**THE TASK**: The reply must consist of the complete listing, reproduced exactly, with no images included.
[DATA SHOWN — start]
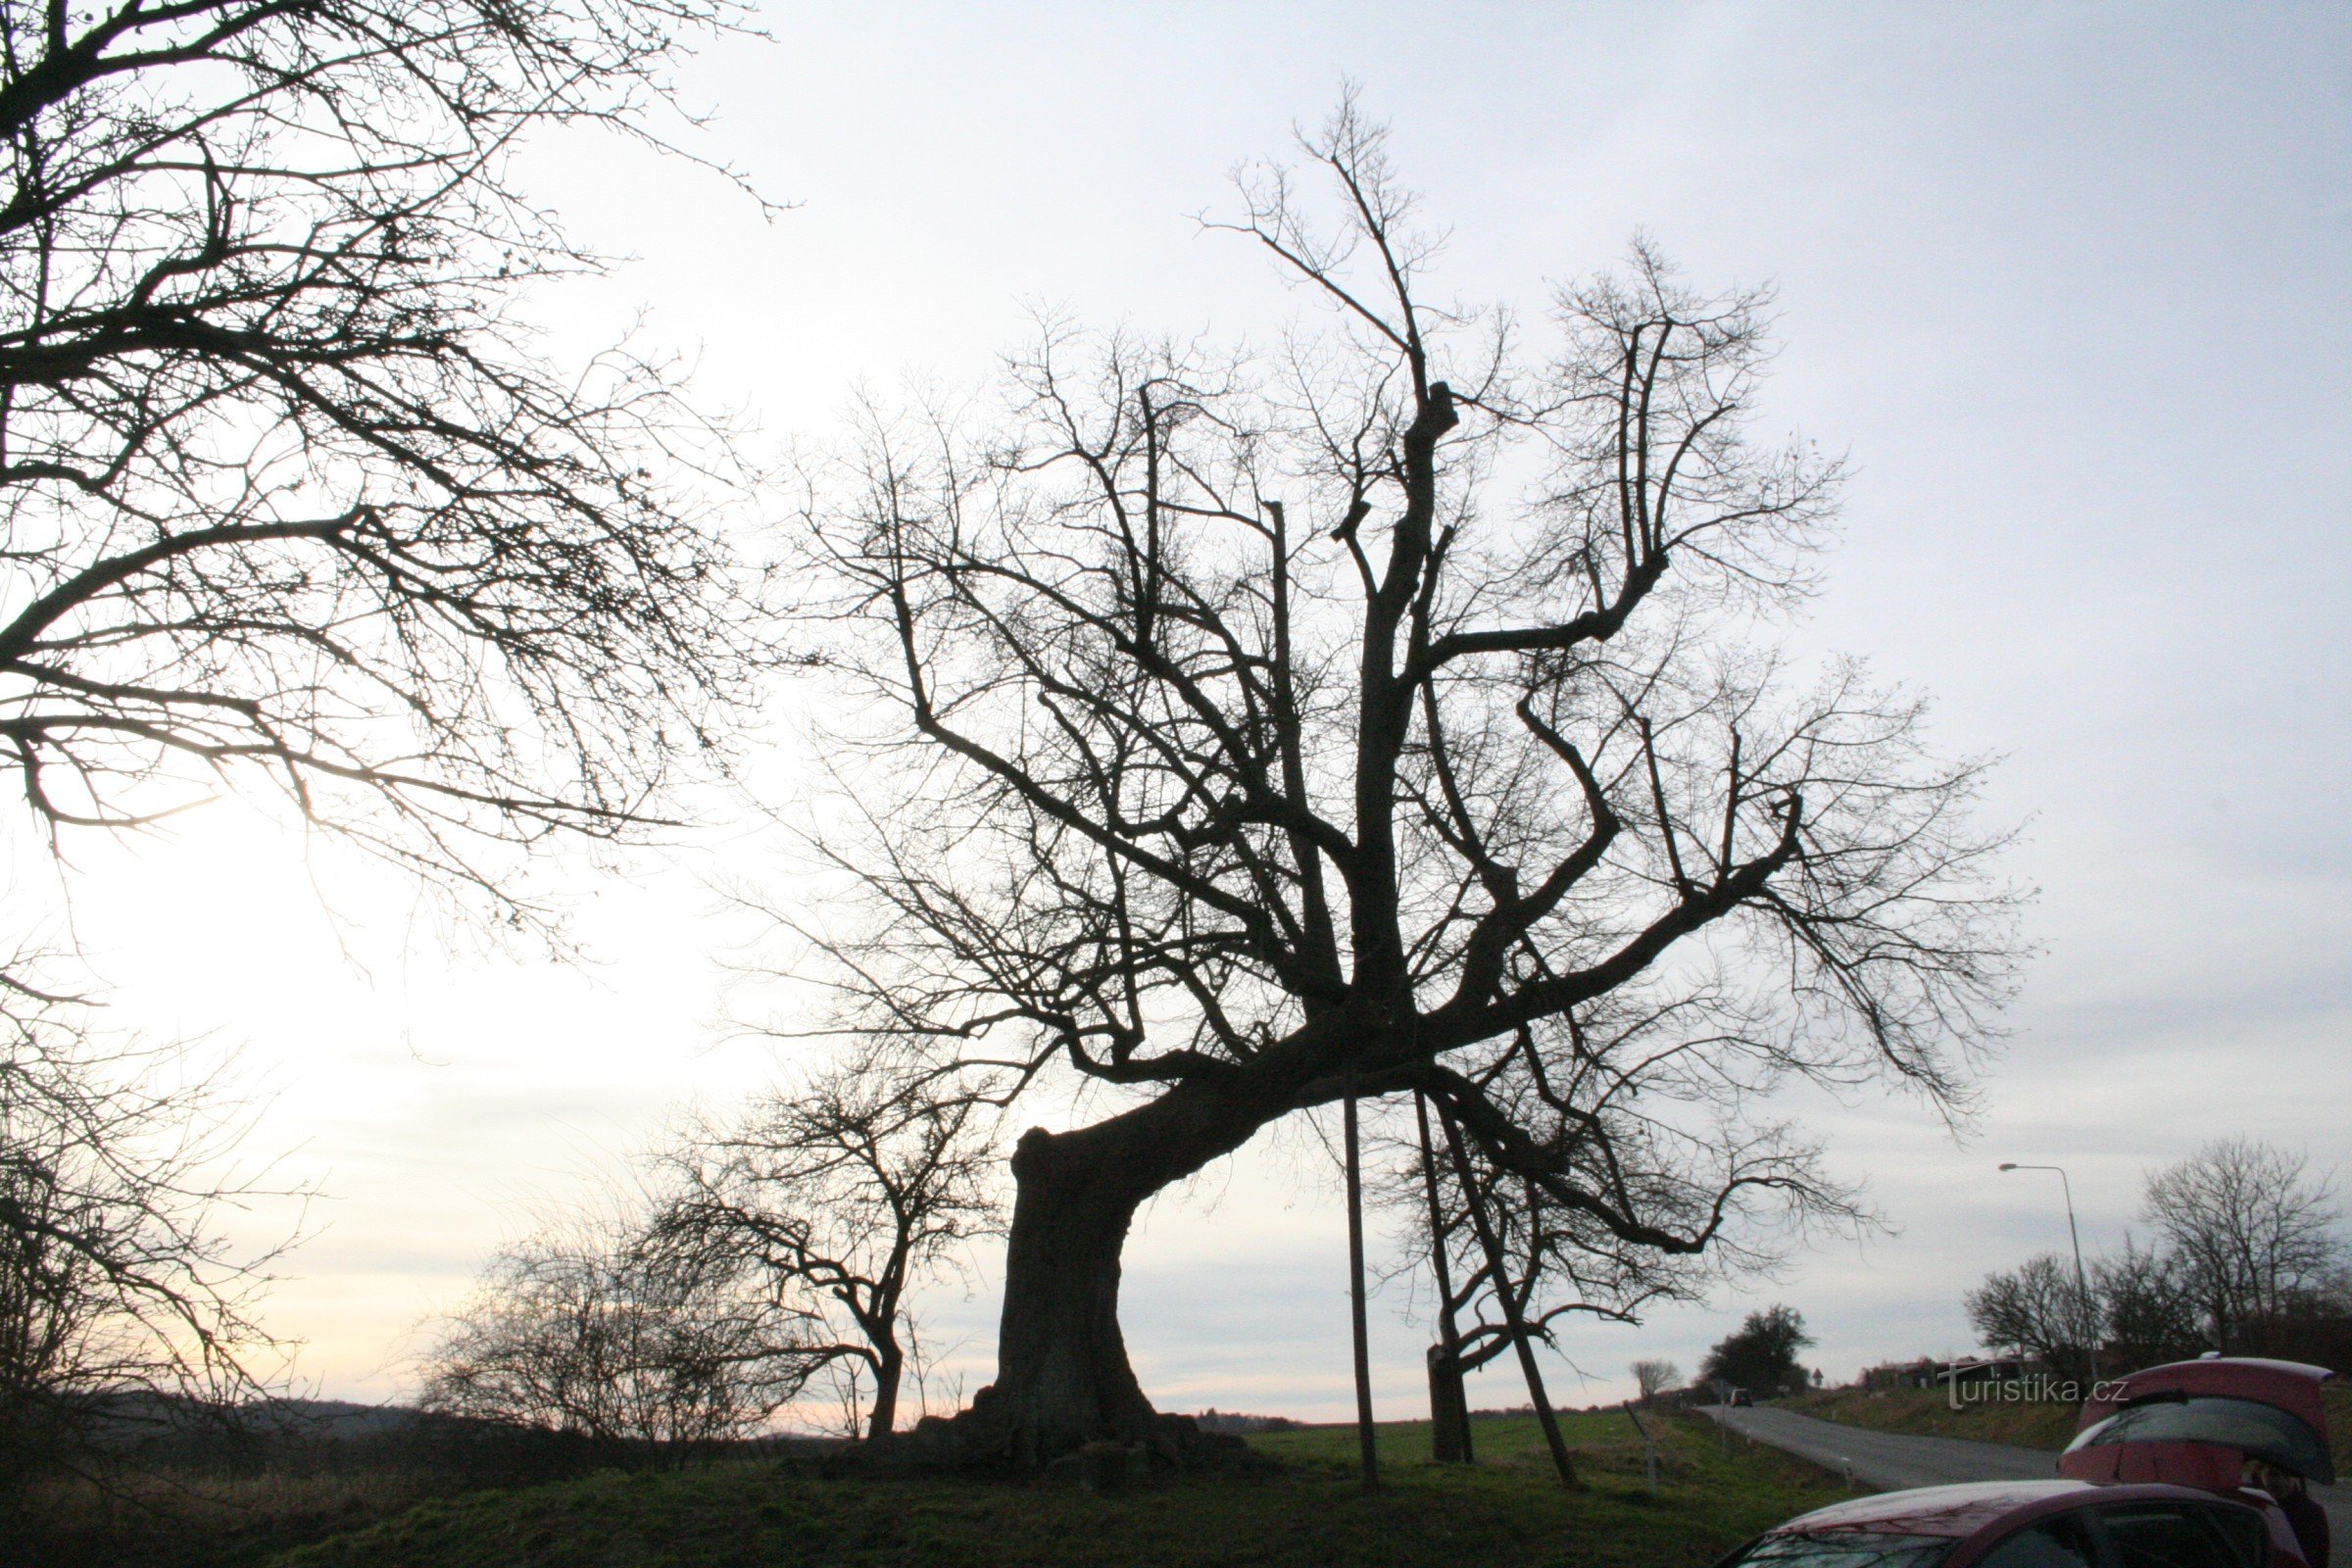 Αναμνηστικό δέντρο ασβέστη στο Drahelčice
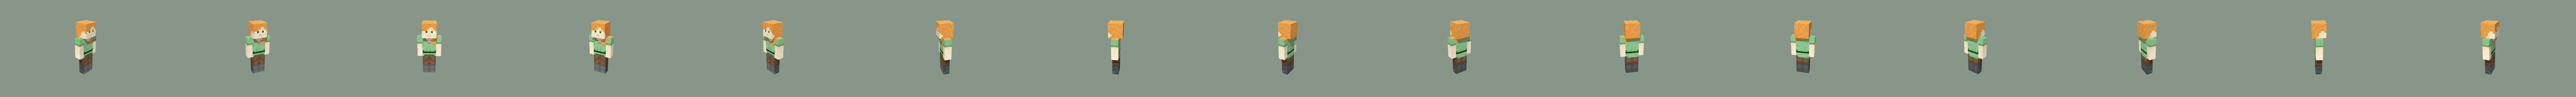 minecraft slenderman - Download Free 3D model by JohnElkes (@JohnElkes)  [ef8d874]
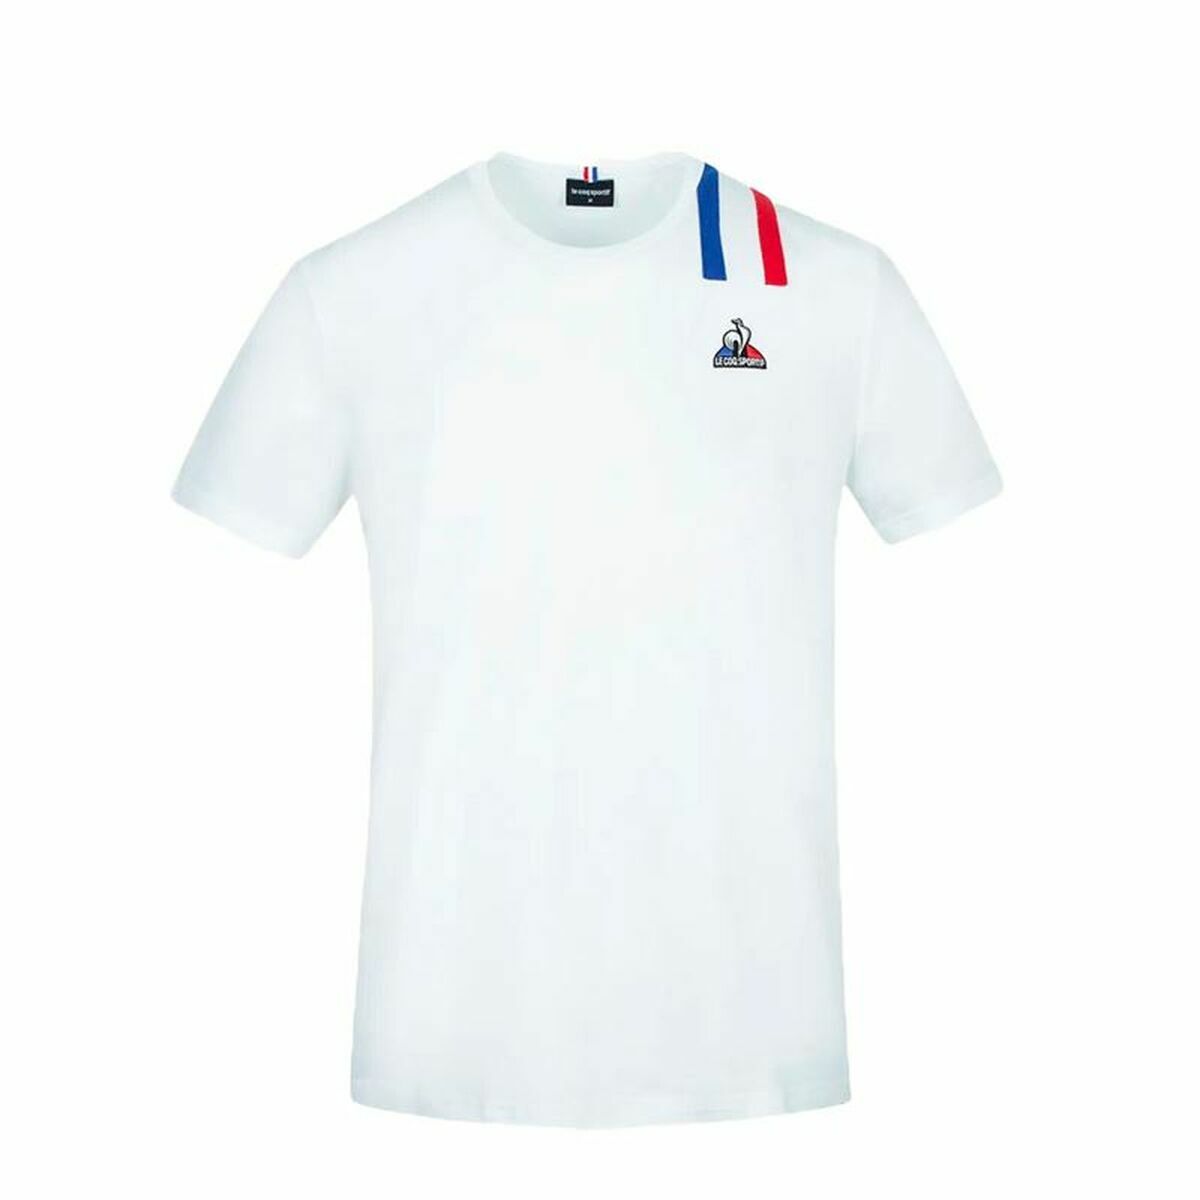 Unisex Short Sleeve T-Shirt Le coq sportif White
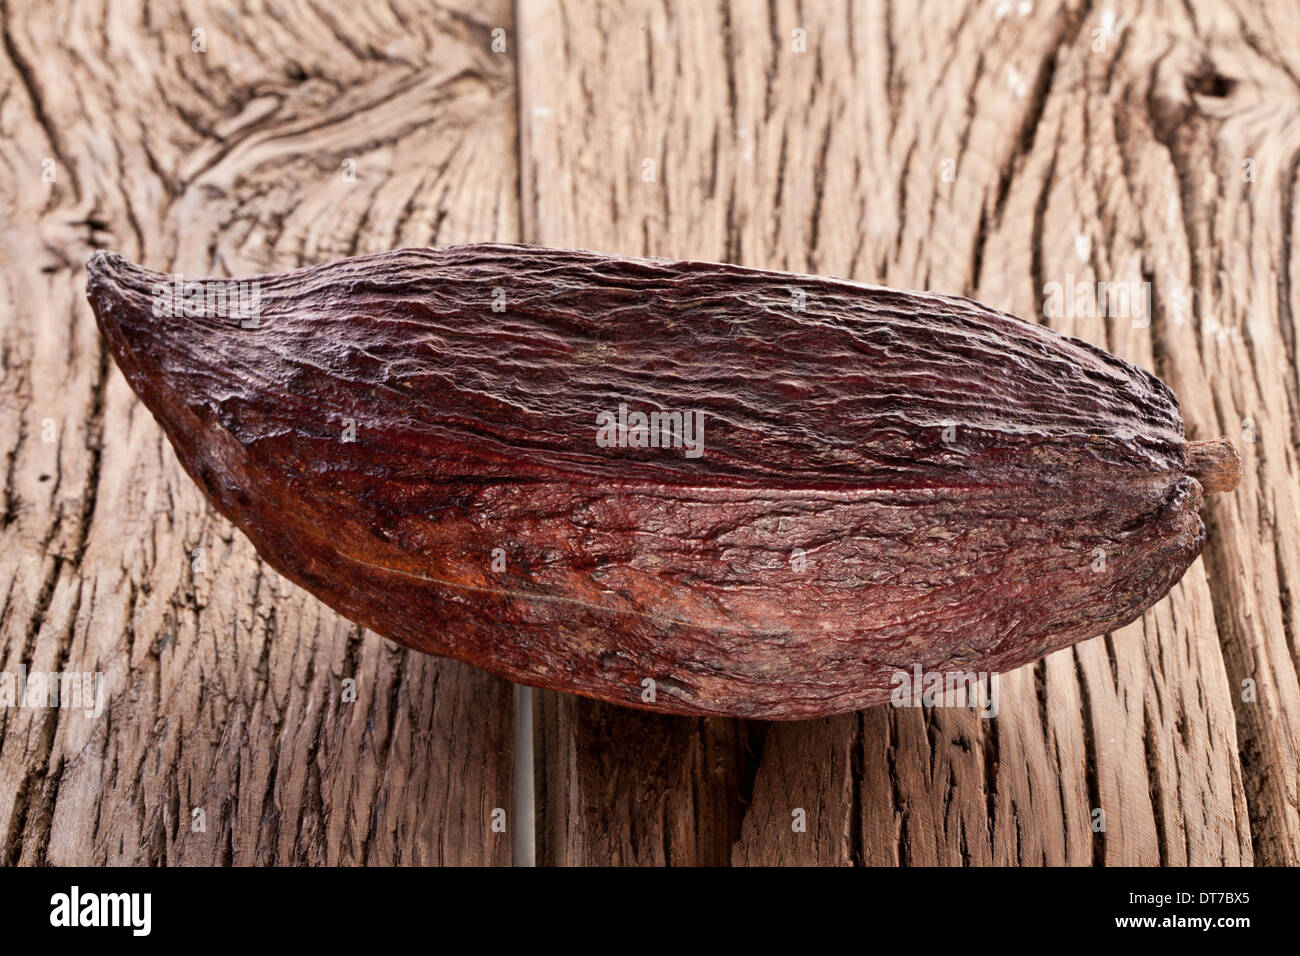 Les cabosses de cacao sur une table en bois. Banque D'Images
[DATA SHOWN — finish]
**COMPLETED TASK**:
 Αναμνηστικό δέντρο ασβέστη στο Drahelčice
 minecraft slenderman - Download Free 3D model by JohnElkes (@JohnElkes)  [ef8d874]
 Unisex Short Sleeve T-Shirt Le coq sportif White
 Les cabosses de cacao sur une table en bois. Banque D'Images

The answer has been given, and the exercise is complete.